<<<<

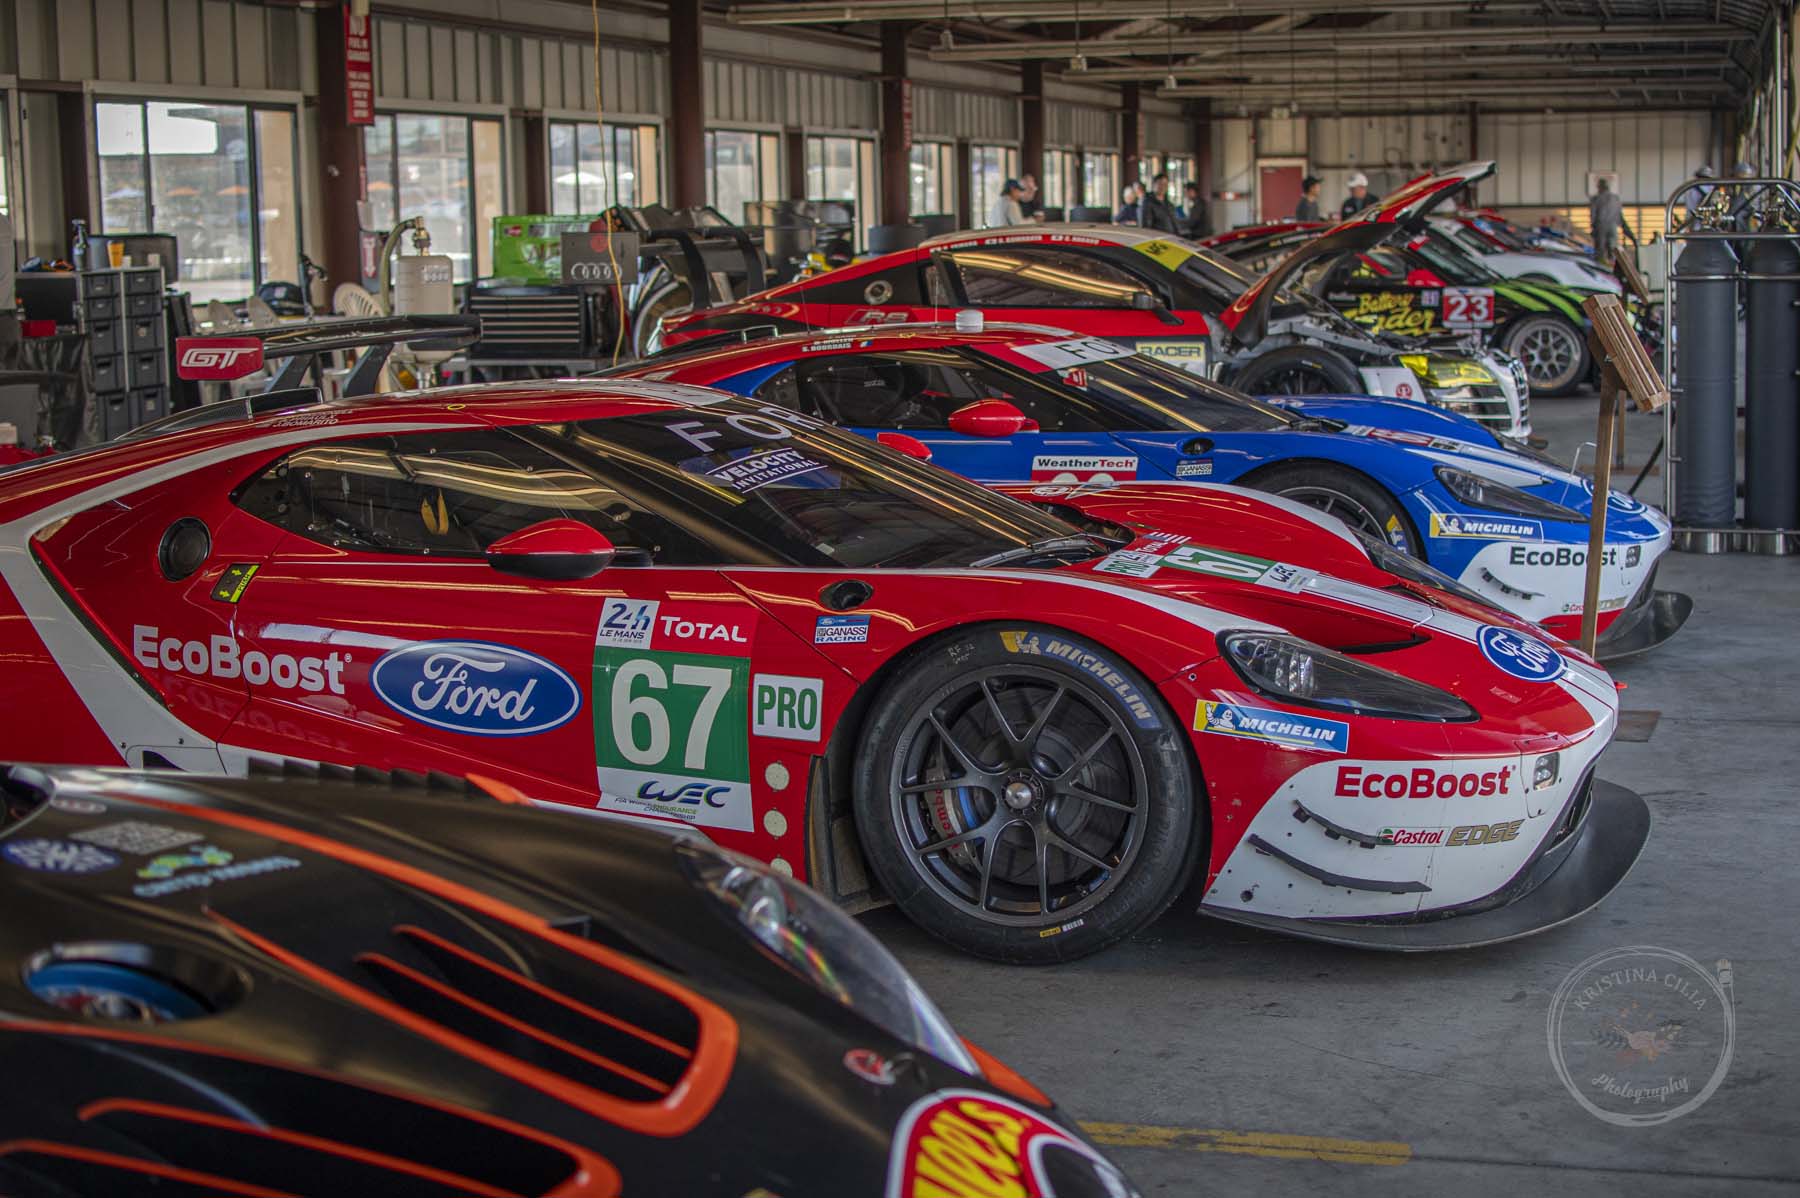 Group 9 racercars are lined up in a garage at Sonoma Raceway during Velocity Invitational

>>>>
<<<<

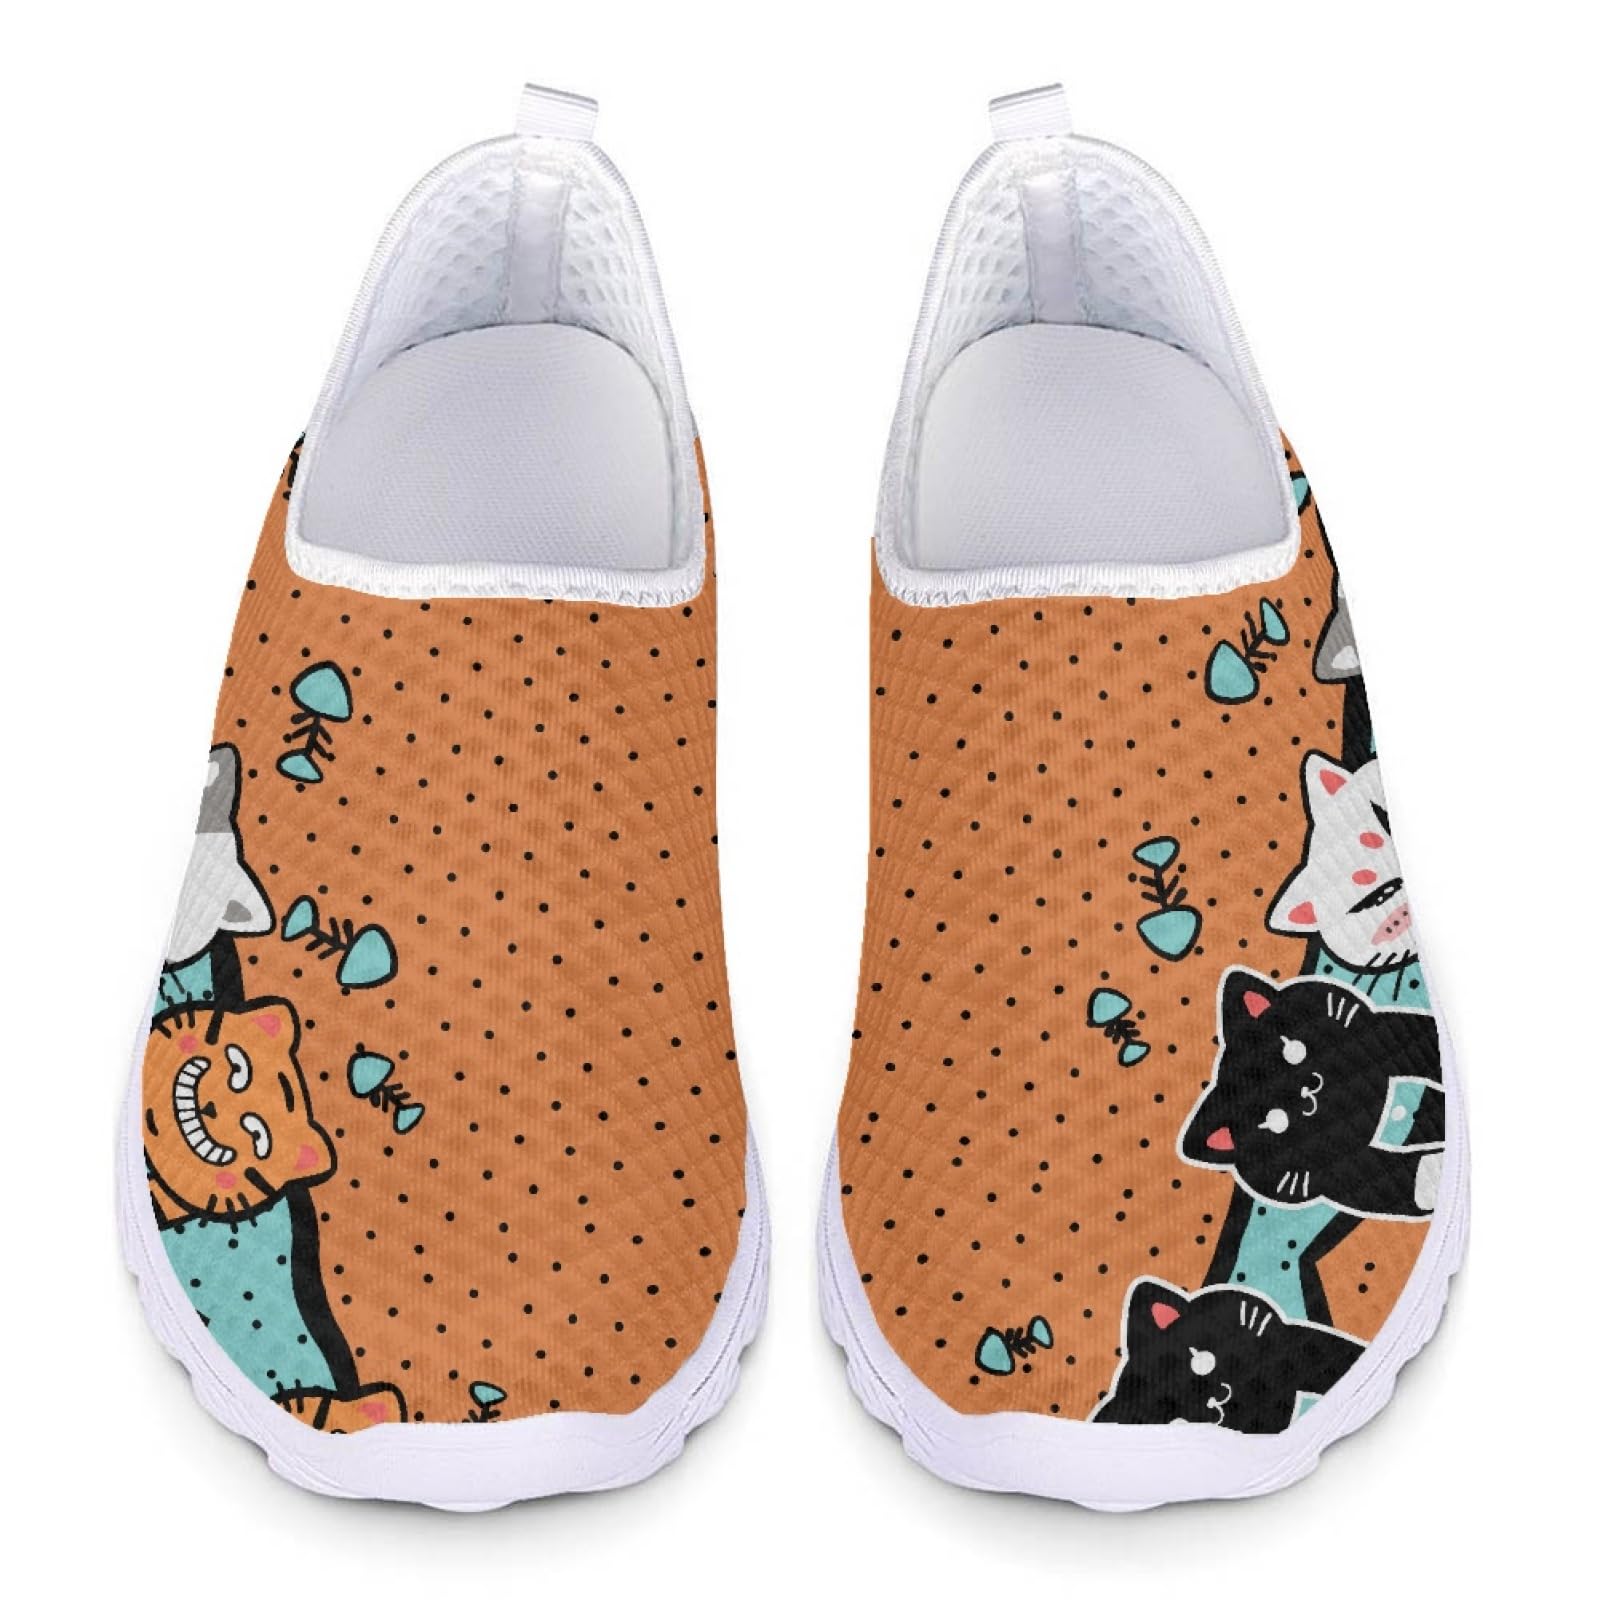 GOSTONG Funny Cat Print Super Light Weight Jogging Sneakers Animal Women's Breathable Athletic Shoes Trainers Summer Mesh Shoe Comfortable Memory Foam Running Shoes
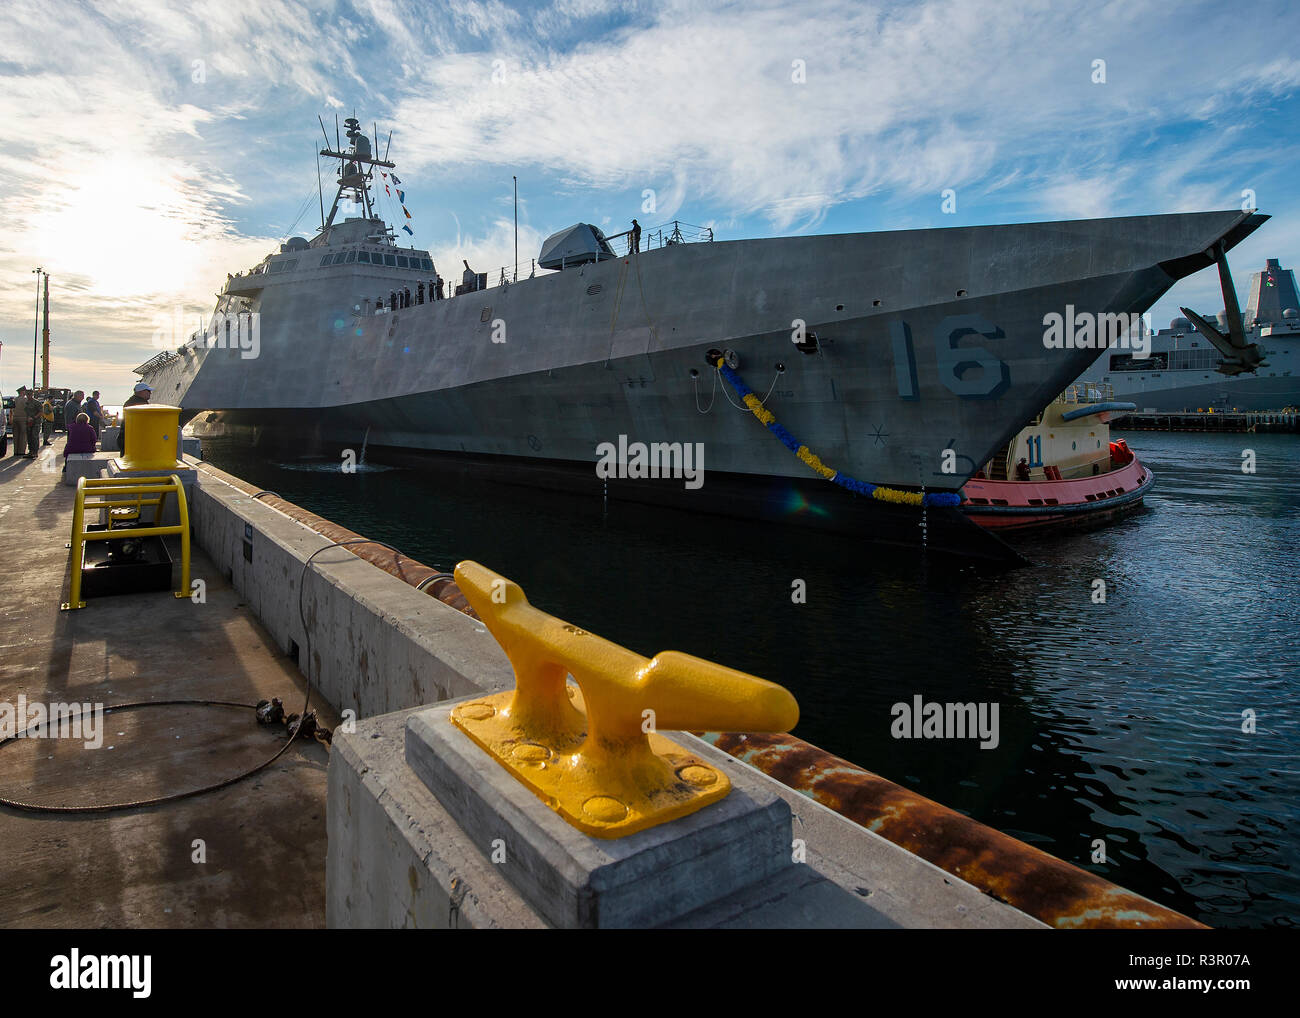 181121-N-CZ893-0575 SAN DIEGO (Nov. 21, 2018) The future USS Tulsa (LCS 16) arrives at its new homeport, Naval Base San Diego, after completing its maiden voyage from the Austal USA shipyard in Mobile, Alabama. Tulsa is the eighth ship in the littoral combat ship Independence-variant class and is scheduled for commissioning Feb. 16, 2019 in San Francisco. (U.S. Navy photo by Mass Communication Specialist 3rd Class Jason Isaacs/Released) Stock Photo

>>>>

**Problem details**
Take the material above from the line containing "GOSTONG Funny Cat" up to and including the line containing "181121-N-CZ893-0575 SAN DIEGO" and retype it exactly, without any pictures.

**Result of the task**
 GOSTONG Funny Cat Print Super Light Weight Jogging Sneakers Animal Women's Breathable Athletic Shoes Trainers Summer Mesh Shoe Comfortable Memory Foam Running Shoes
 181121-N-CZ893-0575 SAN DIEGO (Nov. 21, 2018) The future USS Tulsa (LCS 16) arrives at its new homeport, Naval Base San Diego, after completing its maiden voyage from the Austal USA shipyard in Mobile, Alabama. Tulsa is the eighth ship in the littoral combat ship Independence-variant class and is scheduled for commissioning Feb. 16, 2019 in San Francisco. (U.S. Navy photo by Mass Communication Specialist 3rd Class Jason Isaacs/Released) Stock Photo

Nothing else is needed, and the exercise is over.